Only the tail of the listing is wanted: the line containing "Nicholas Herbert, British" and all after it, repeated exactly, pictures omitted.

▶ _Given information_
━━━━
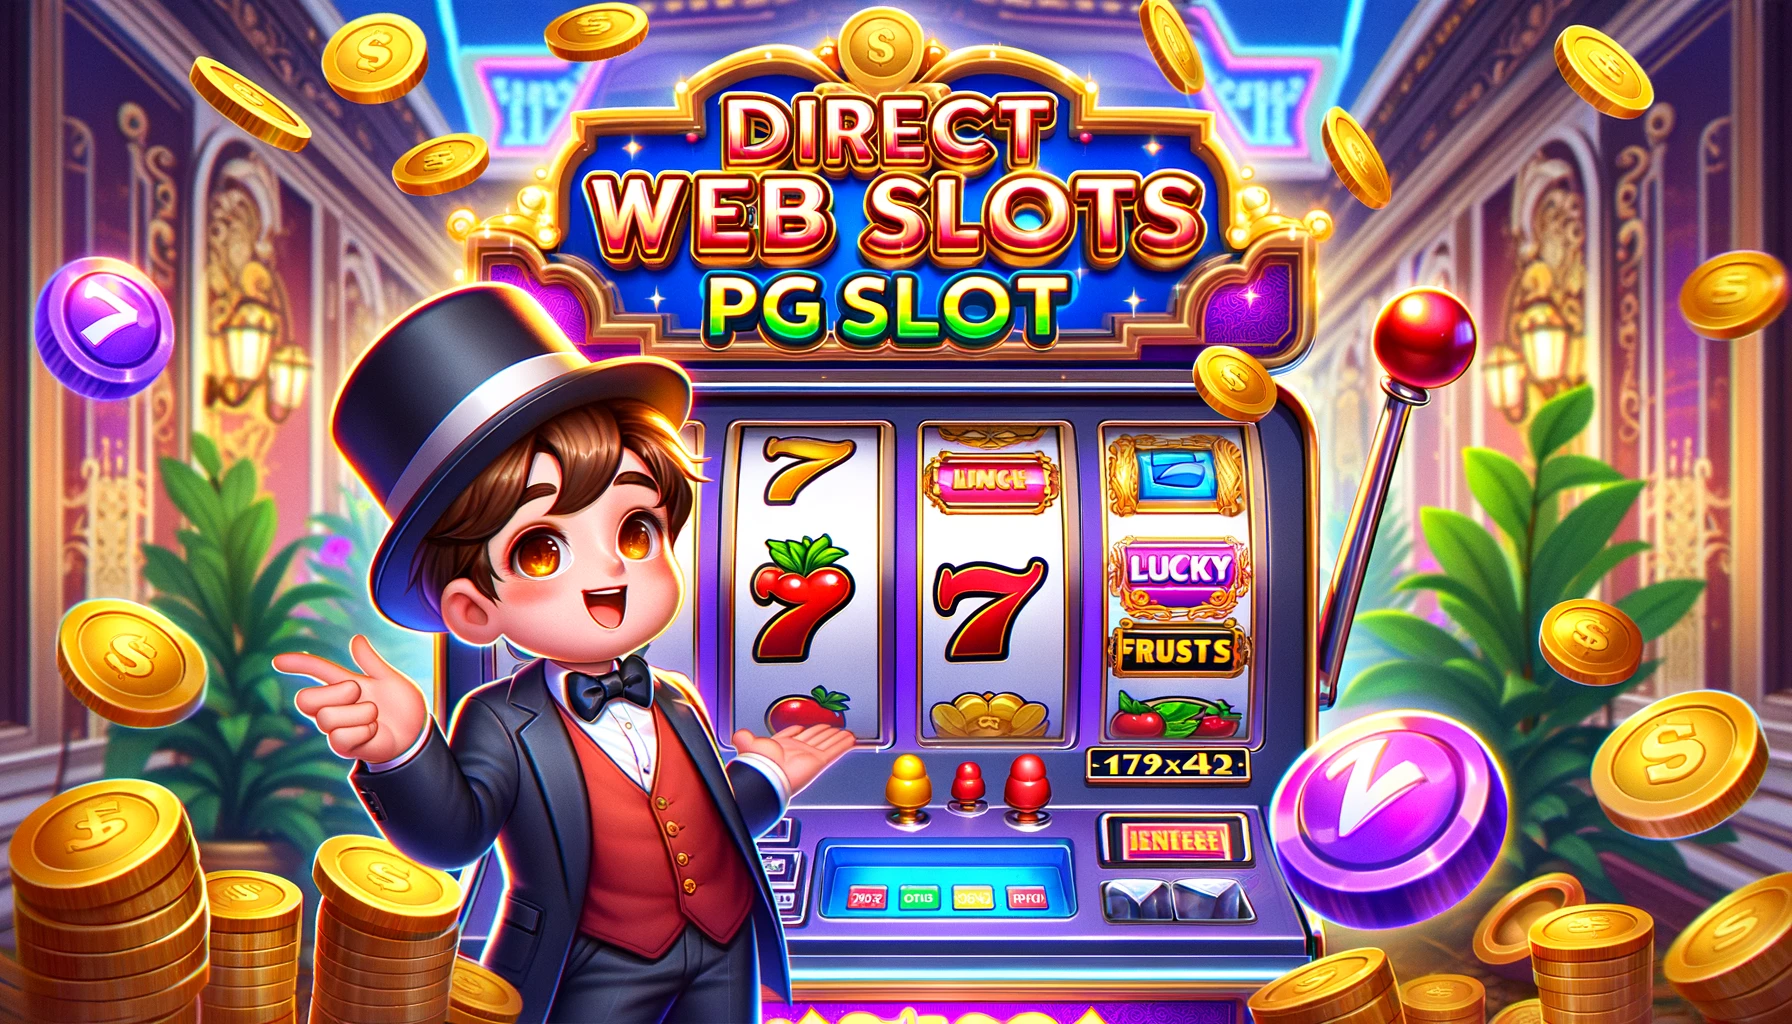 Direct web slots PGSLOT
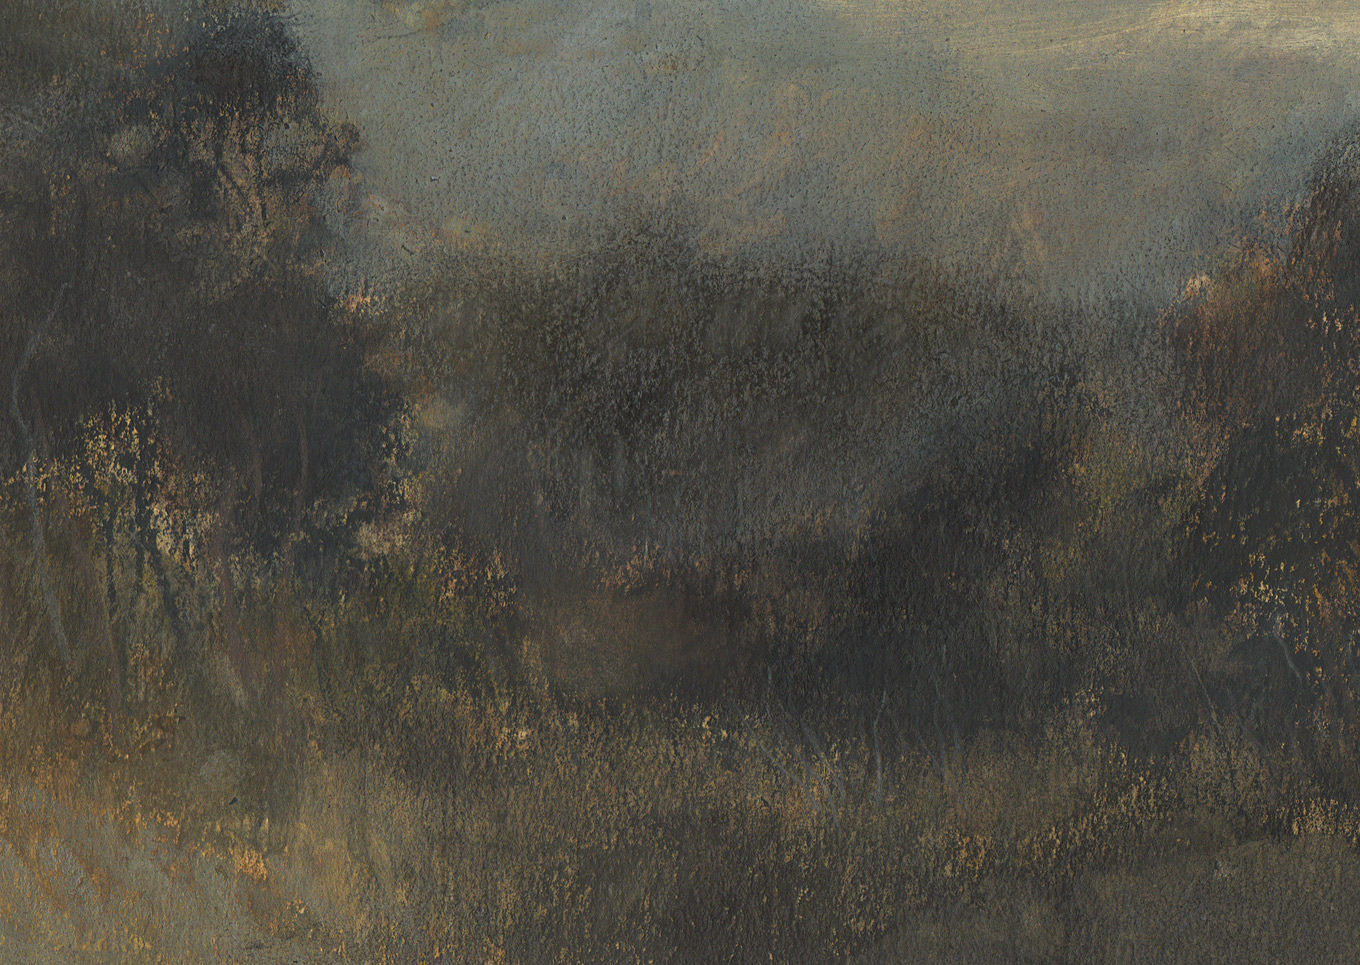 Nicholas Herbert, British Artist - Landscape L950, Sharpenhoe Series, Clearing Below Sharpenhoe, The Chiltern Hills, contemporary mixed media painting
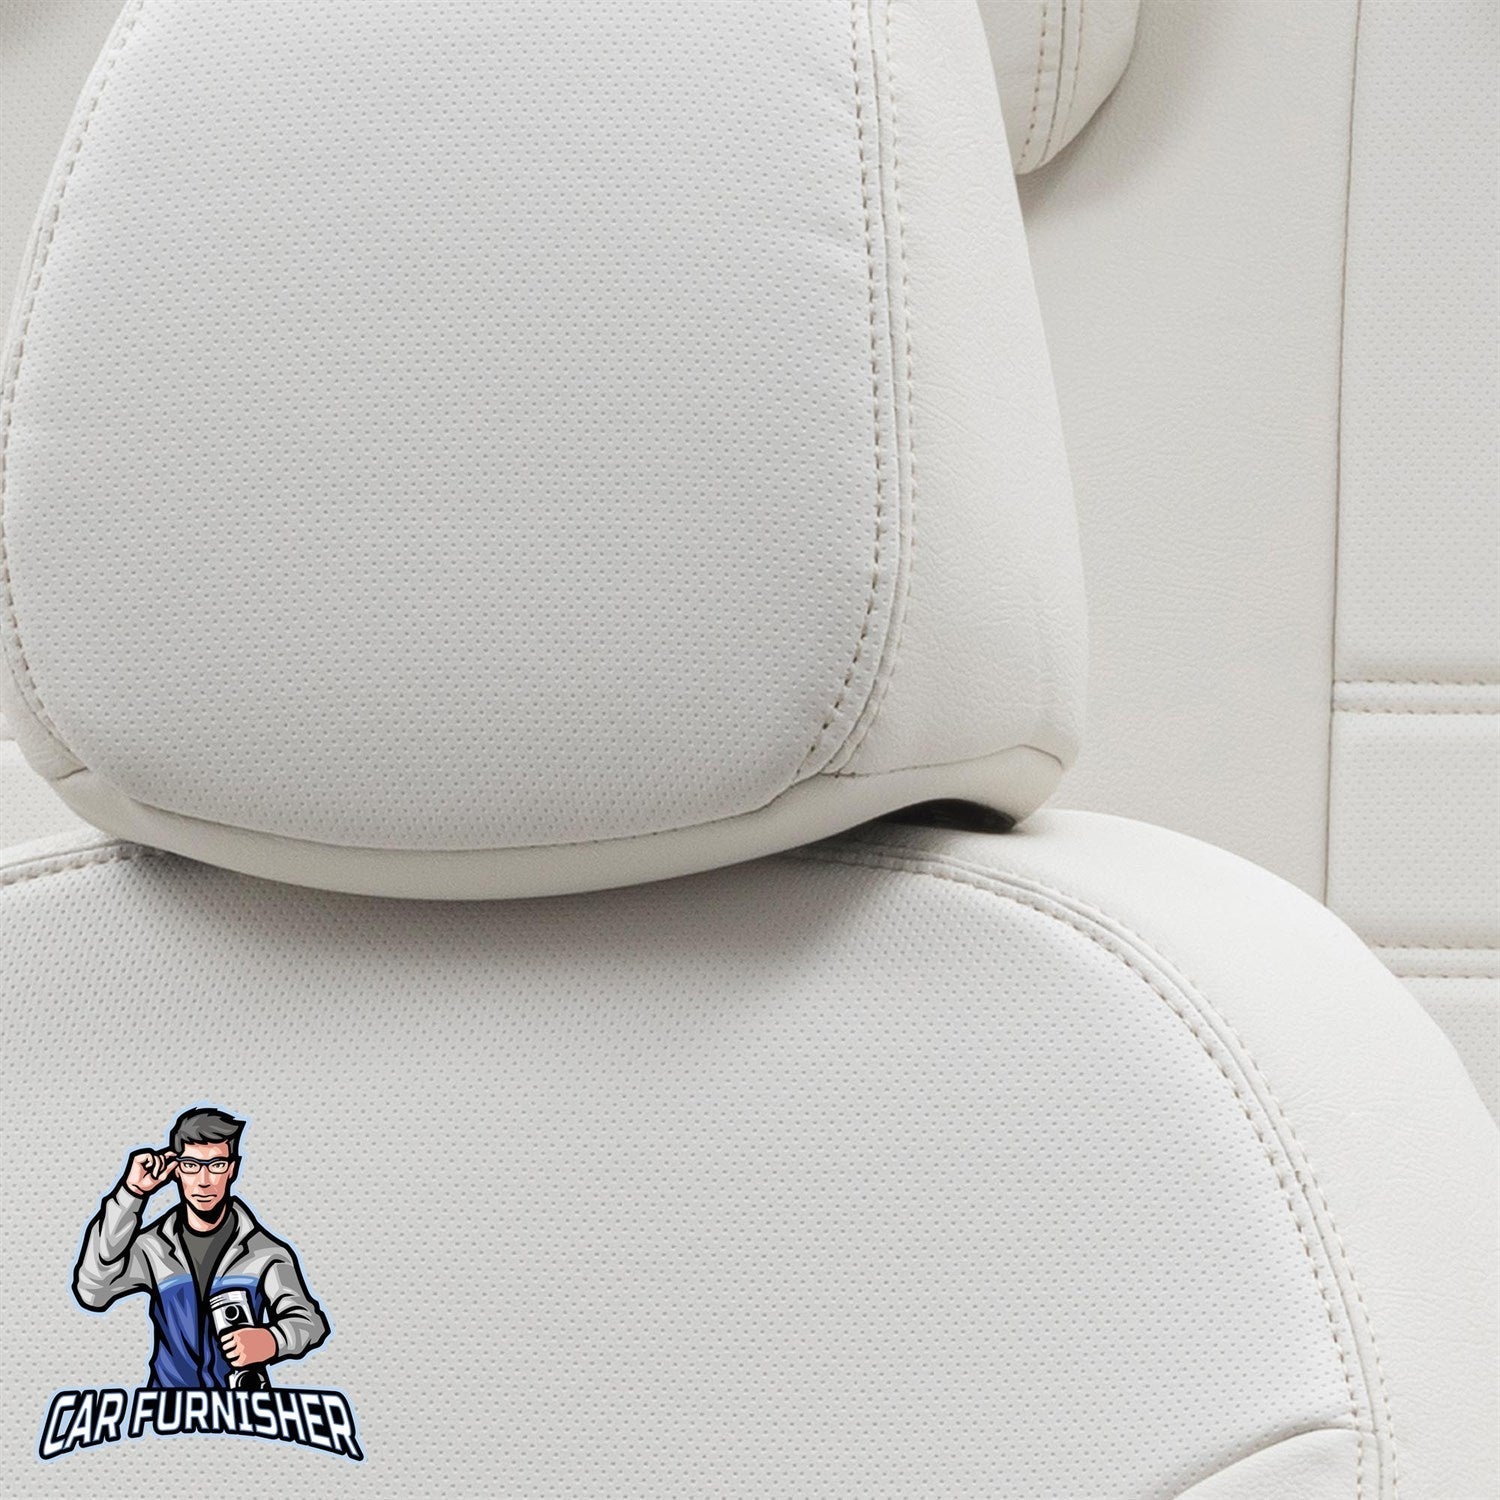 Hyundai Kona Seat Covers Istanbul Leather Design Ivory Leather
━━━━
▶ _Response to the exercise_
 Nicholas Herbert, British Artist - Landscape L950, Sharpenhoe Series, Clearing Below Sharpenhoe, The Chiltern Hills, contemporary mixed media painting
 Hyundai Kona Seat Covers Istanbul Leather Design Ivory Leather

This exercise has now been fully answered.